Dealing with Rising World Oil Prices

Date: 
Wednesday, May 28, 2008

Press Statement

The Polit Bureau of the Communist Party of India (Marxist) has issued the following statement:

On Dealing With Rising World Oil Prices

The profits enjoyed by private oil companies in the country have increased along with increase in oil prices. Due to the selective policy of the Government, private sector companies both in upstream and downstream are enjoying windfall profits arising not due to extra business acumen or competitive business approach but due to the high global crude price.

With crude oil prices now exceeding $ 100 per barrel, it is necessary that windfall gains be recovered from all the private and joint venture oil producing companies like M/s Cairns, Reliance, Essar etc extracting oil and gas in India. When these contractors participated in the New Exploration Licensing Policy (NELP), none of them could have envisaged crude oil prices beyond $ 30 per barrel. It would be a failure on Government’s part to allow upstream contractors additional gain of $ 70 per barrel - $ 80 per barrel without any extra work. Many other countries have gone ahead and re-negotiated their contracts with a threat of imposing windfall taxes on such profits.

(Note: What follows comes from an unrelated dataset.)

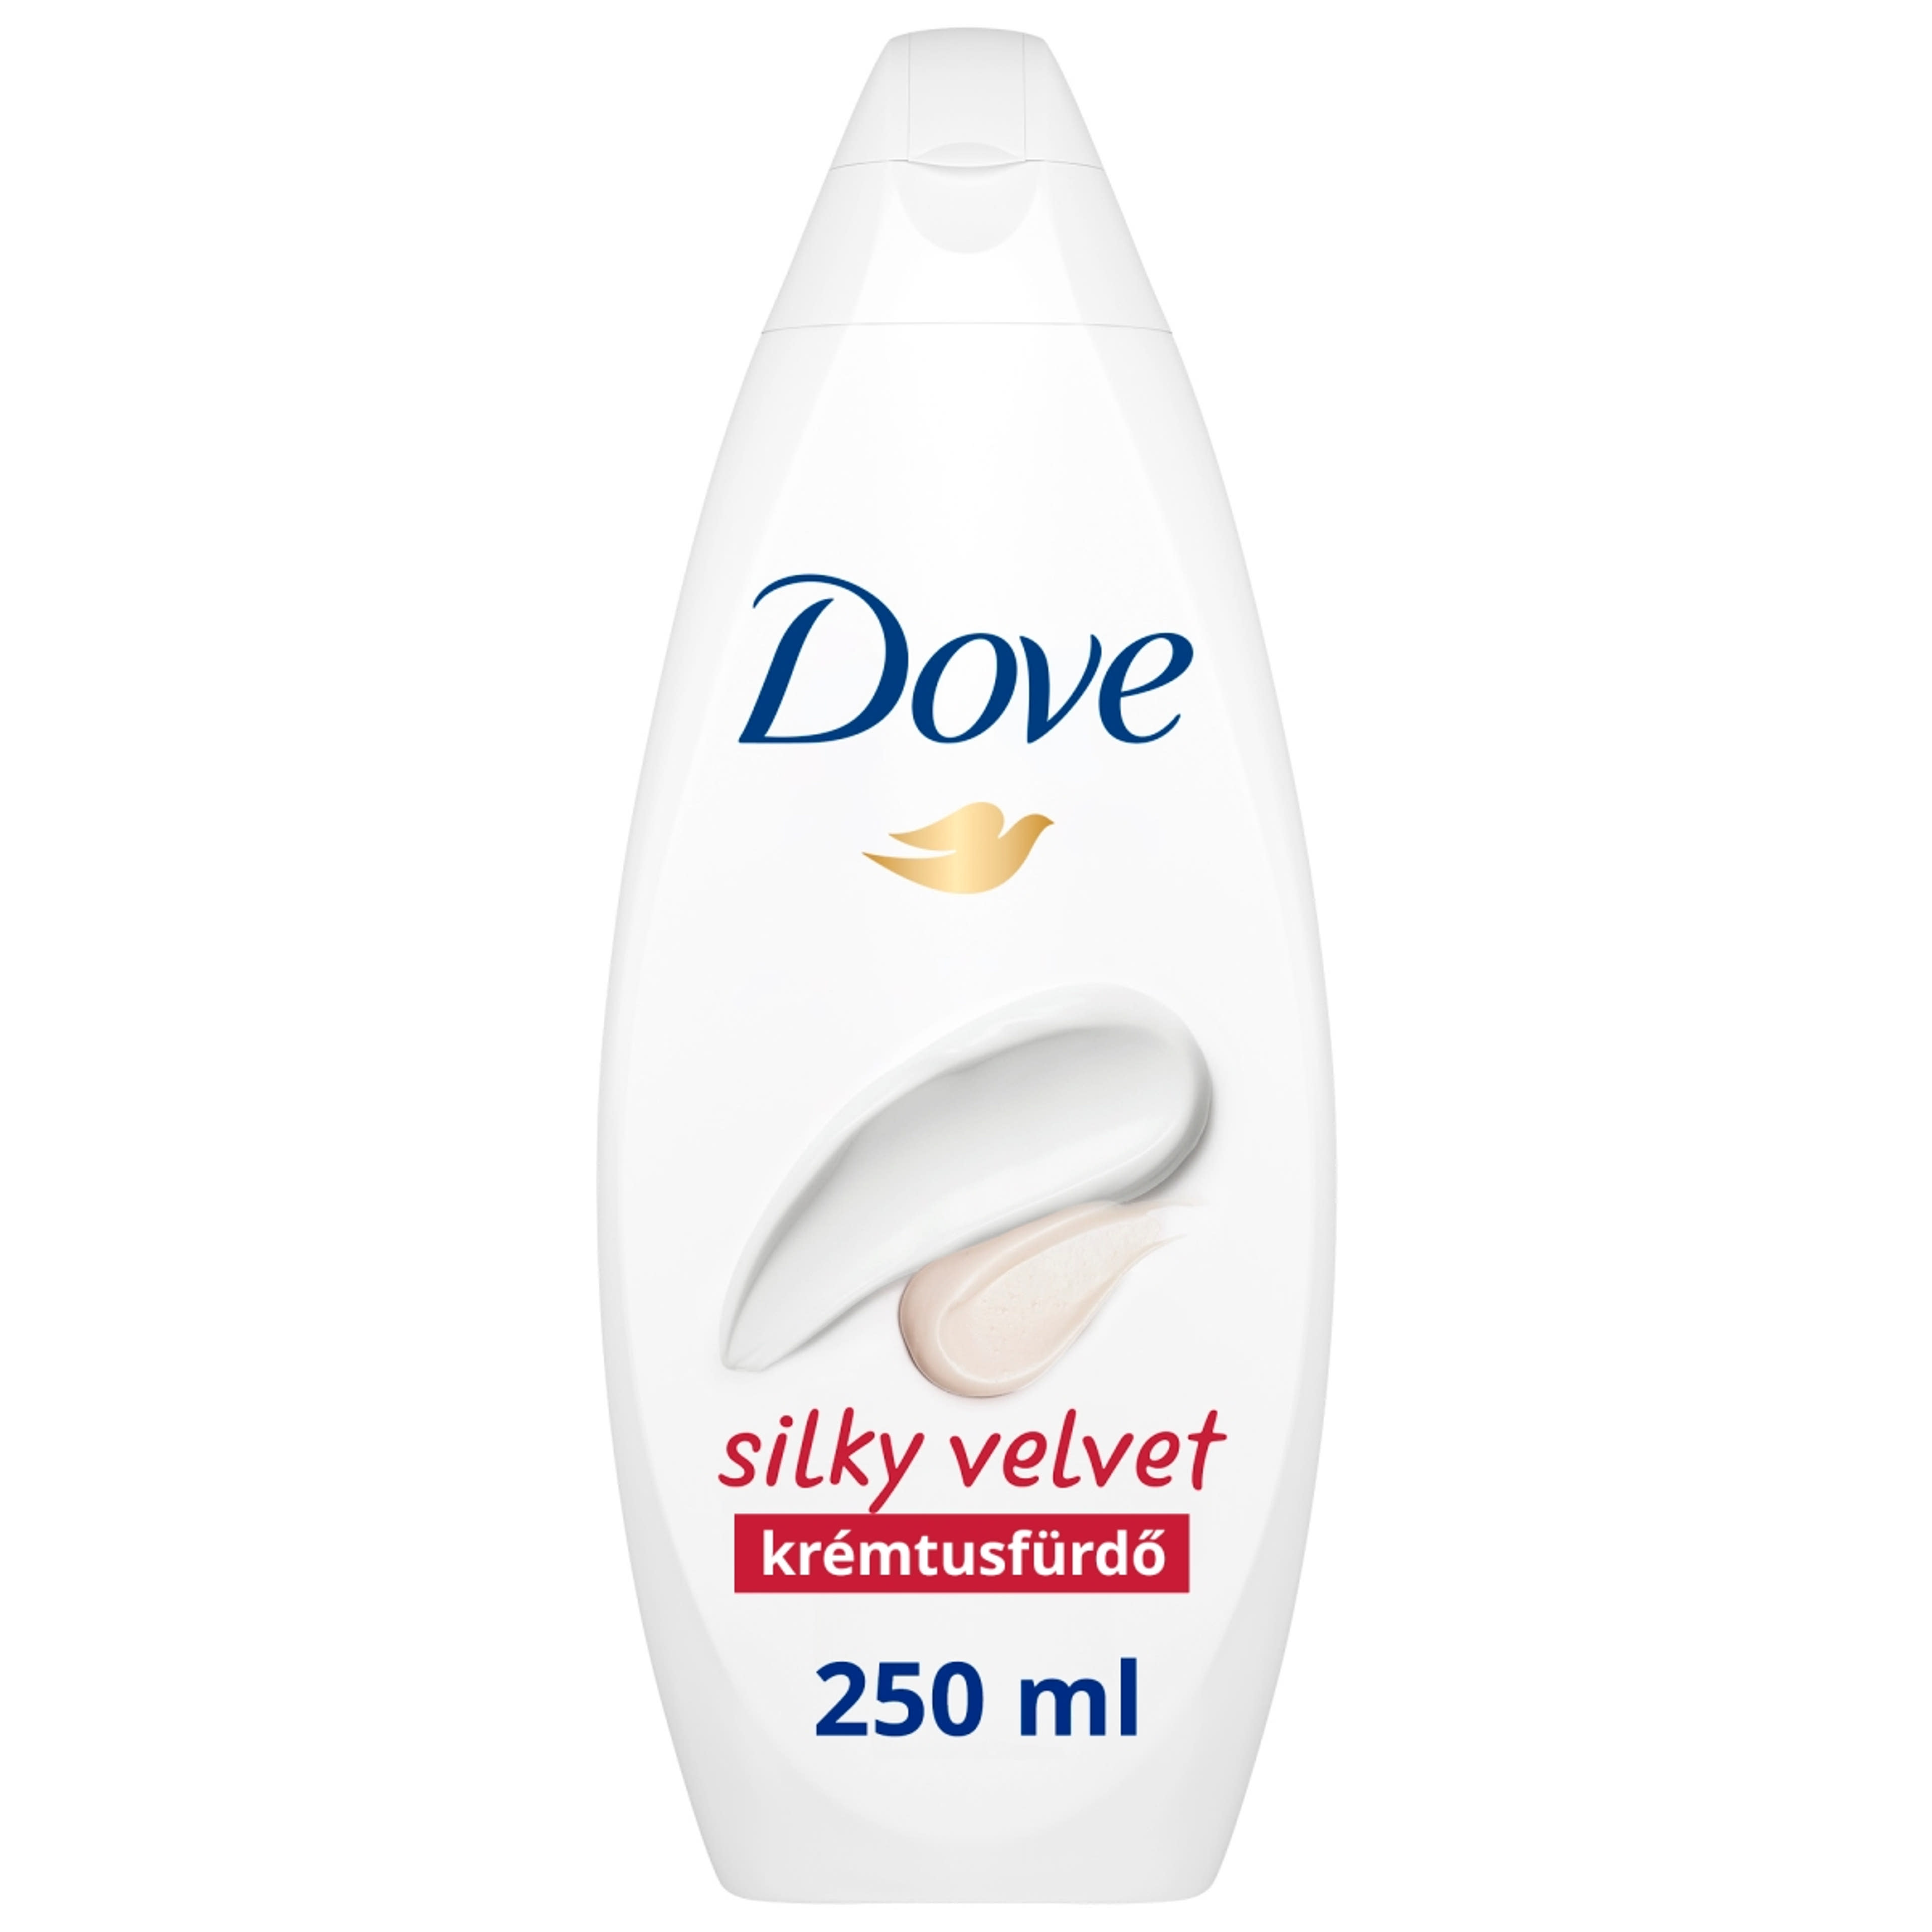 Dove Silky Velvet krémtusfürdő - 250 ml-2

It is time that Government of India takes charge and recovers unintended gains from upstream contractors.

Similarly, private sector refineries have been allowed to keep margins for refining cost exceeding $ 15 per barrel while public sector companies struggle to meet their financial requirements. For example, for a private refinery like Reliance, which exports a major portion of its products, the profit has increased by 26 per cent during the quarter October-December 2007 and 35 per cent during January-March, 2008 as compared to the same period during the last financial year. By design the Government has dragged down the public sector companies while private sector companies have been allowed to flourish. It is necessary that the Government impose a windfall tax on private refineries, who do not contribute to meet the oil subsidy bill.

Why No Windfall Profits Tax?

A windfall profits tax is a tax on profits that ensues from a sudden windfall to a particular company or industry. In 1980, in the United States, federal legislation was passed that levied such a tax on oil companies because of the profits they earned as a result of the sharp increase in oil prices brought about by the Arab oil embargo. Since then, the tax has not been re-enacted. However with oil prices once again reaching record levels there is renewed pressure on the U.S. government to bring back the tax. Amid low oil prices, the tax was ended in 1988 by President Ronald Reagan. Recently, on May 7, 2008, a Democratic Senator introduced a Bill “The Consumer-First Energy Act of 2008”, which would create a tax on "windfall profits" on the major oil companies.

The government should impose a “windfall” profits tax on private/joint venture oil producing companies and private stand alone refineries earning huge profits through import parity policy of pricing.

In no case can the UPA government pamper the private oil companies to make windfall profits and at the same time increase the price of petrol and diesel and burden the people further when they are suffering from steep price rise of essential commodities.

Reduce Customs and Excise Duties

This alongwith the reduction of customs duty on crude oil and reduction in excise duty of petroleum products without any ad valorem content should help to meet the situation arising out of the steep rise in world oil prices and providing relief to the oil marketing companies.

· Reduction of customs duty on crude oil from 5 per cent to nil. The duty collected on this account is likely to be more than Rs. 15000 crore this year, which if nullified would give considerable relief to the OMCs.

· Creation of a Price Stabilisation Fund by using the money collected through cess by the government on crude oil produced by ONGC and Oil India, the two oil producing PSUs (Rs. 2,500/MT) for supporting OMCs. This cess amounts to more than Rs. 7,500 crore approximately per annum.

· Reduction in excise duty of products. The duty should be specific without having any ad valorem content.